In fact, three of them are premiering or have already opened this
month on local stages – Aaron Posner’s My Name Is Asher Lev is running
at the Arden, Andrew Case’s opened last night at InterAct, and Russell
Davis’ The Day of the Picnic premieres tomorrow at People’s Light and
Theatre Company in Malvern.

Meshejian, 59, grew up in Philadelphia’s Overbrook section. A director
and actor, he has been a People’s Light company member for two
decades. But it was the years he spent in the Twin Cities in the ’80s
that woke him up to the positive impact a supportive theater-producing
community can have on the national theater scene, and on a city’s
reputation as a theater hub.

Minneapolis’ Playwrights’ Center, which launched the careers of such
playwrights as Steven Dietz, Lee Blessing and Jeffrey Hatcher, started
out in 1971 "as just a place to get together," he says, "but blossomed
into something more substantial. All the actors and directors in town
were involved."

Meshejian says that as he began to pull back from his Philadelphia
acting career and "settle into middle age," he wondered how he might
"leave something lasting with the profession that’s been fairly good
to me."

Led by his passion for challenging new work and a desire to unite
local theater artists, he held discussions with area artistic
directors and colleagues from around the country. The result, in 2005,
was the birth of the PlayPenn program. As its artistic director,
Meshejian wanted to fix some of the flaws he saw in the workshopping
process, in which scripts are written and rewritten, and playwrights
are "blind-dated" with a cast and director for a final public
reading. (He heard repeatedly that "there’s nothing worse than showing
up at one of these things and having the play cast improperly, nothing
worse than having the wrong actor in the lead role.")
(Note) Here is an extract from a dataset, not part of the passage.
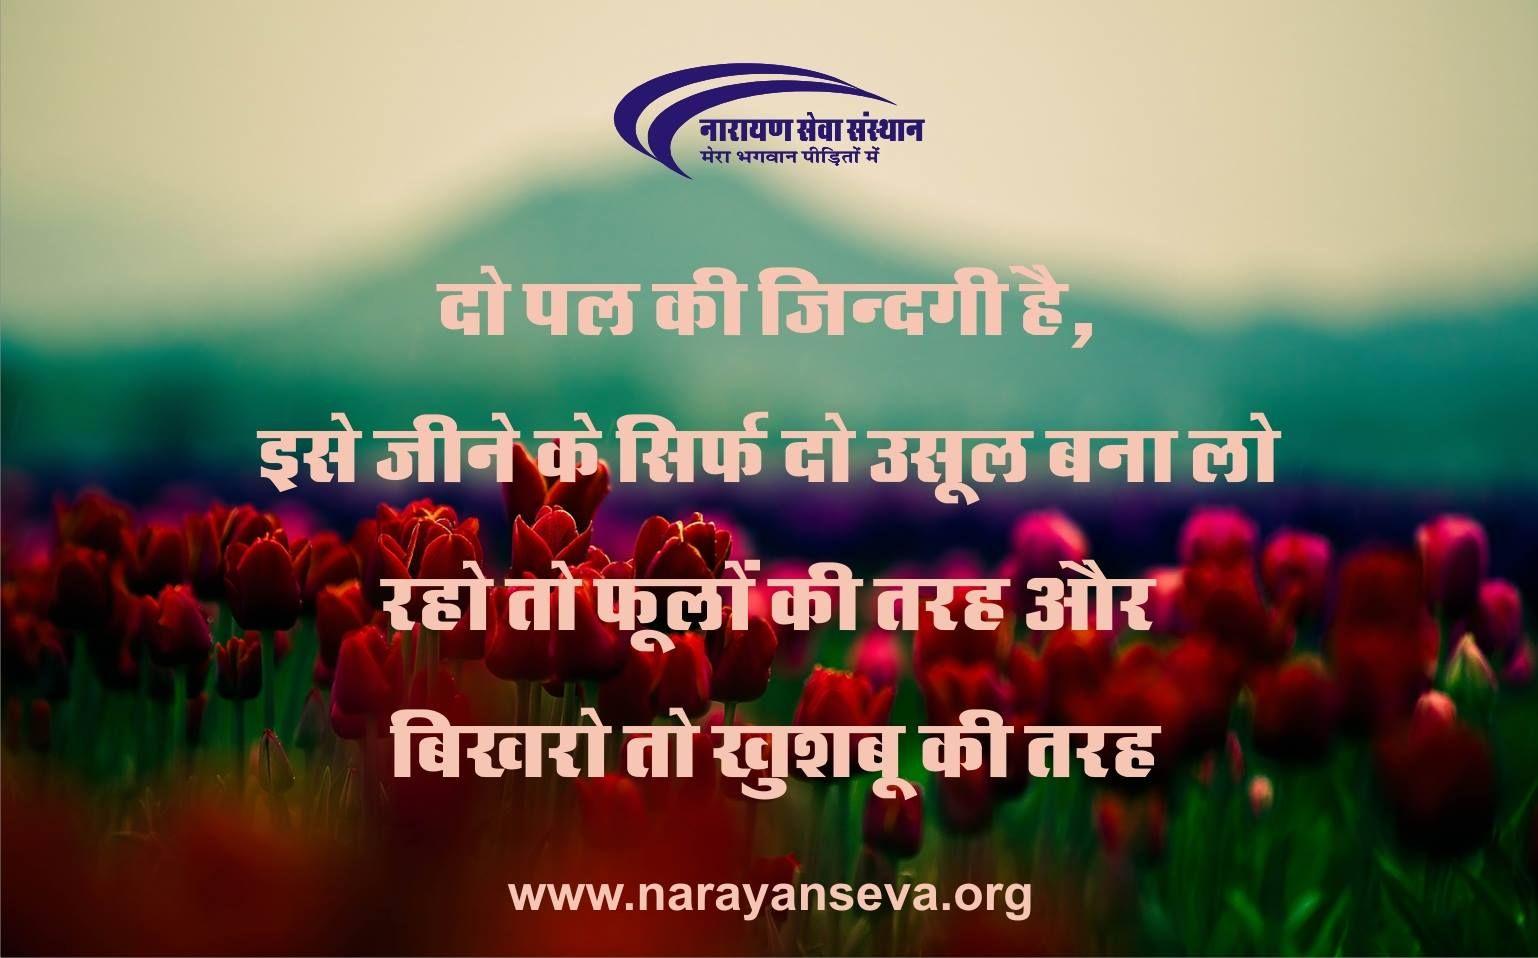 #DailyQuote #Quoteoftheday #motivational #quote #InspirationalQuote #GoodMorning #HappySunday www.narayanseva.org
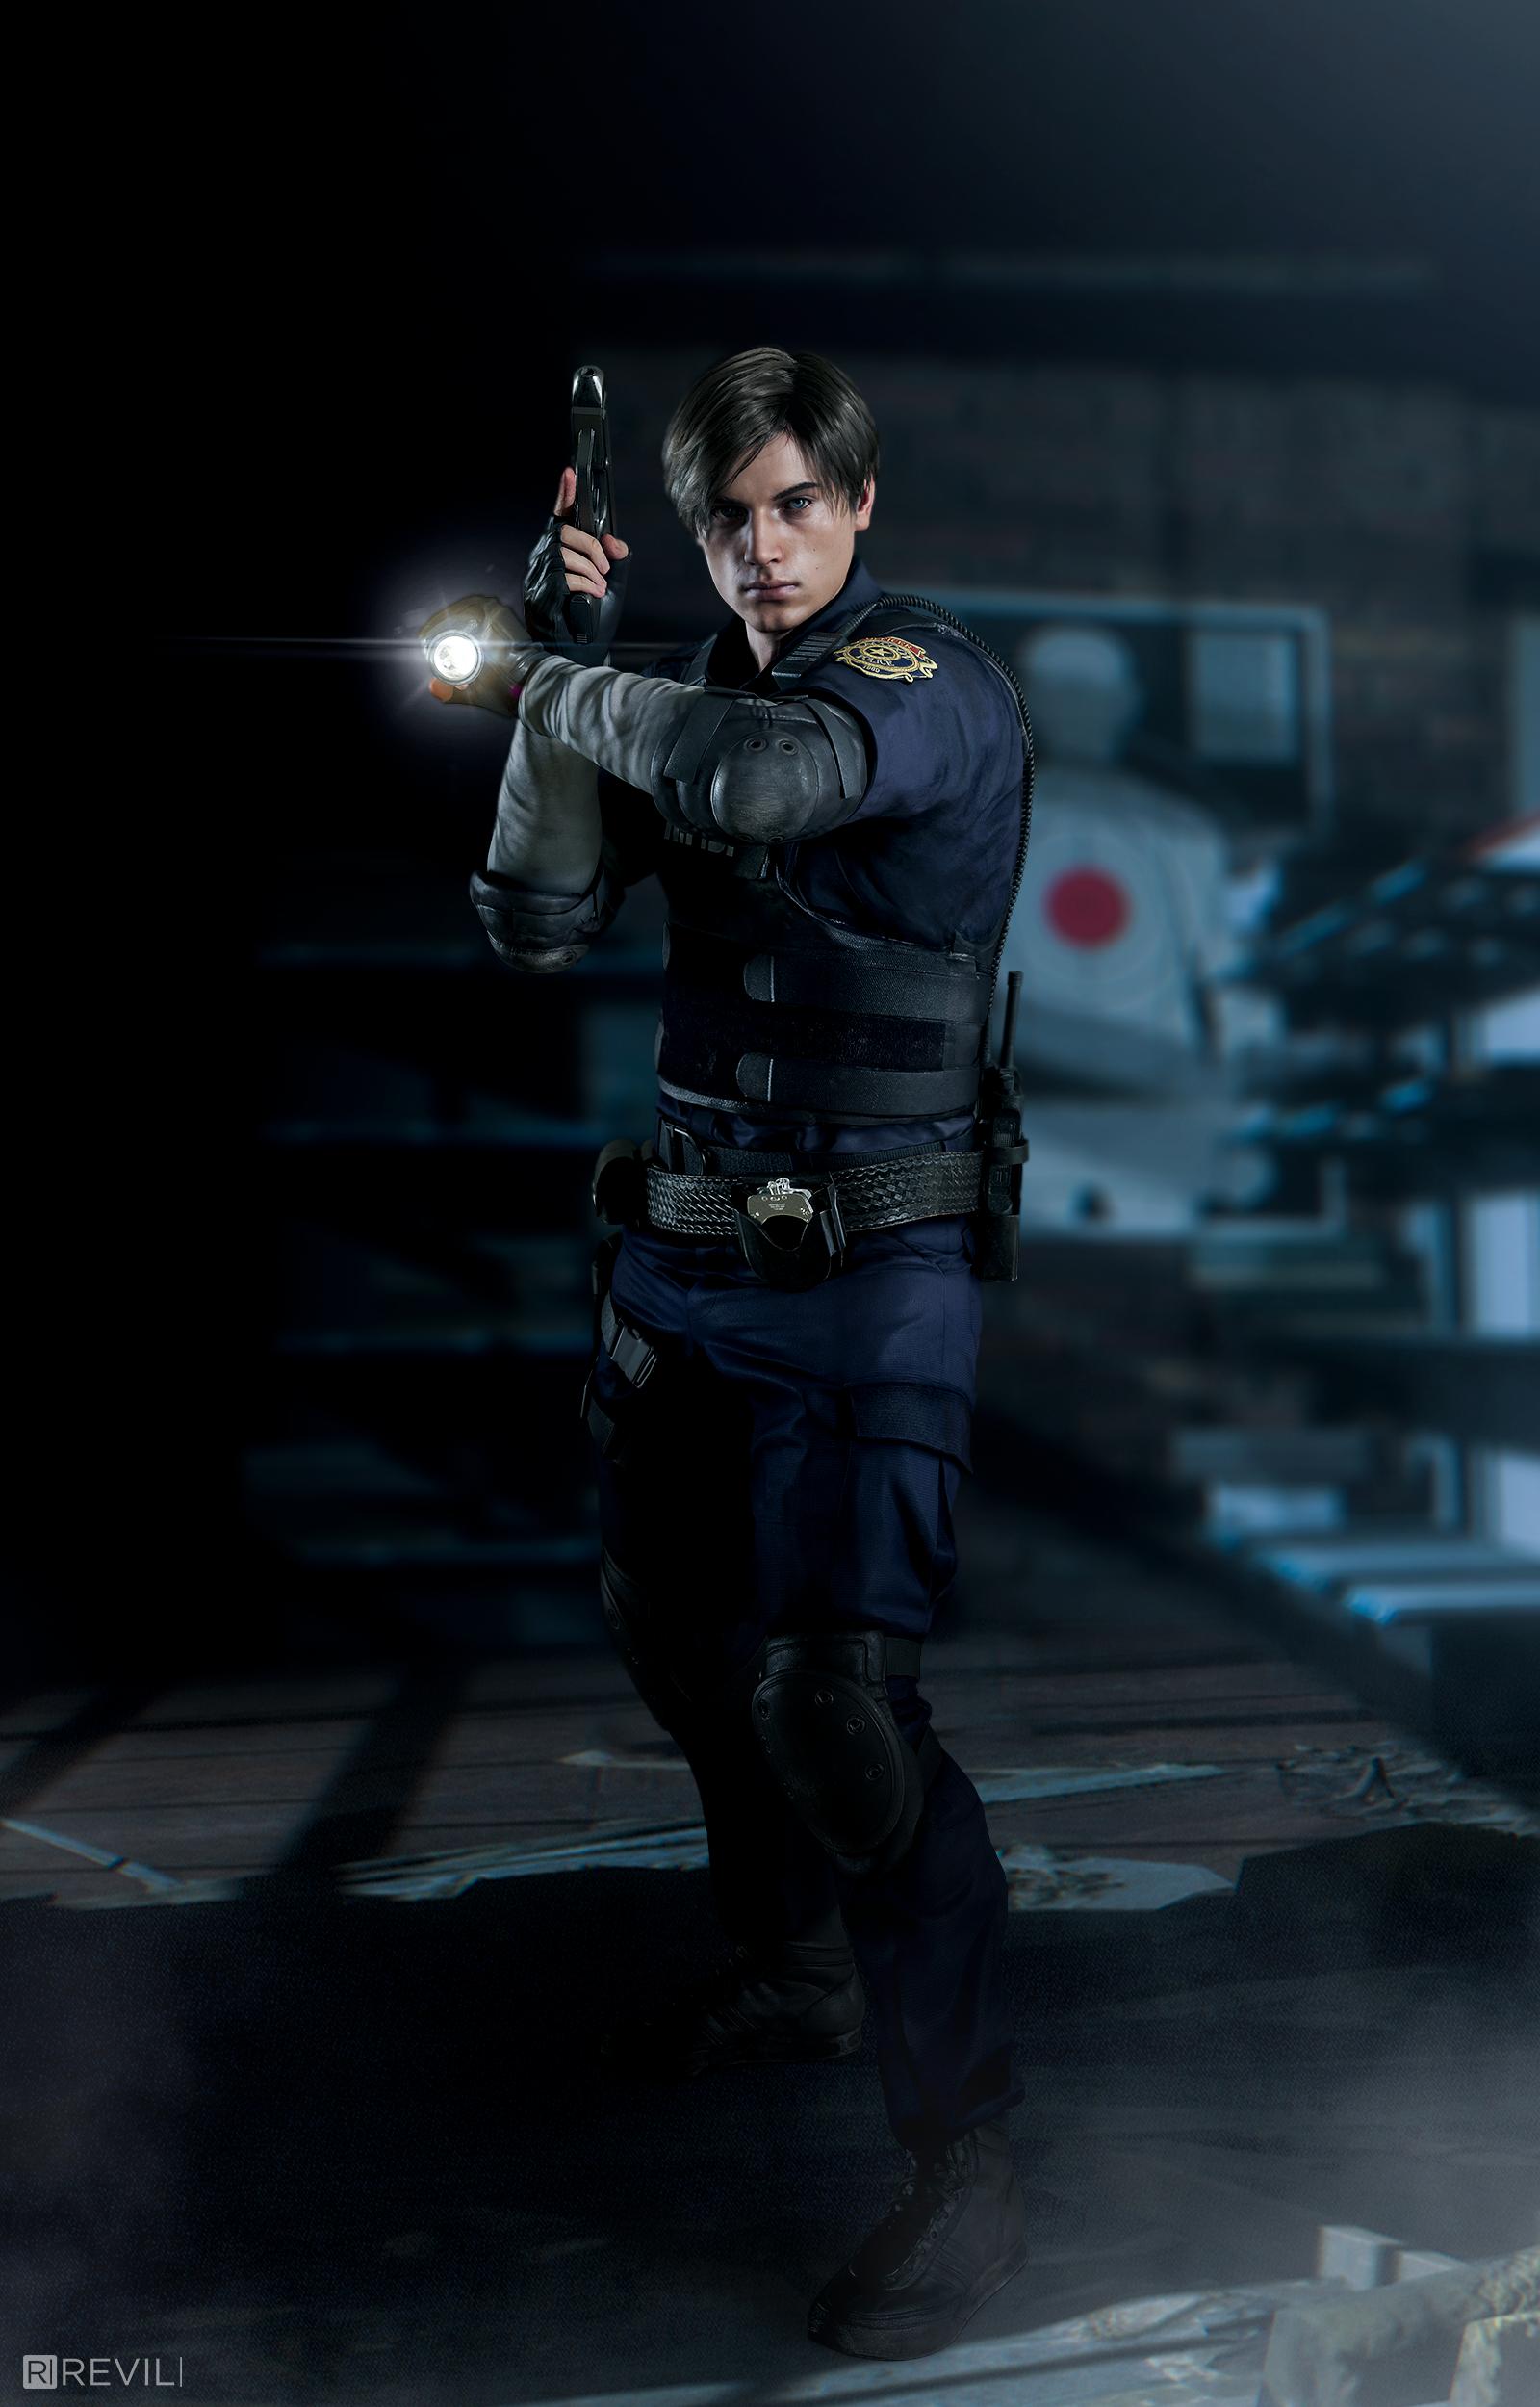 Resident Evil 2 Remake Wallpaper Posted By John Sellers

To head off bad matches, Meshejian says, "When I make an offer to a
playwright, I ask, ‘Is there a director you’re working with, or
someone you’d like to work with?’ " If there is, PlayPenn covers all
travel, housing, food and incidental expenses for the duration of
their Philadelphia stay, and they receive an additional fee for their
work.

"We try to make sure that not only does it not cost artists to do
their work here," he says, "but that they might actually go away with
something in their pockets."

If the playwright doesn’t have a director in mind, Meshejian makes
recommendations from the local talent pool, and the playwright then
casts his or her reading with area actors.

Posner, whose play was commissioned by the Arden, planned to direct
Asher Lev himself, but teamed up with director Danny Goldstein and
dramaturge (an artistic consultant and researcher) Michele Volansky to
fine-tune the piece at PlayPenn. The result? Volansky remained as the
play’s dramaturge, and Goldstein is now directing a production at Two
River Theater Company, Red Bank, N.J., where Posner is artistic
director.

Posner is more than pleased with the outcome. "For all the bashing
that has happened in the American theater at various times about the
workshopping process, I would call this a textbook-perfect example of
the way it’s supposed to work." But even under the best
circumstances, these are difficult times for playwrights premiering
work. Christina Ham, a Minneapolis playwright whose drama After Adam
was one of the six PlayPenn works picked up by a professional theater
this season, saw Luna Stage in Montclair, N.J., postpone her show’s
opening for budgetary reasons.

But she is stoic about the play’s prospects, saying, "Ultimately it’s
going to be done when it’s supposed to be." And though she says "the
climate for new plays has always been precarious," she’s unequivocal
about her experience in Philadelphia, which led her to make
significant changes to her script.

"Everyone’s looking for that magic elixir as to how a new play can
become a produced play," she says, but at PlayPenn "so much time and
care is given to make sure there is the right chemistry on each of the
play’s teams, which makes me realize they take the process seriously."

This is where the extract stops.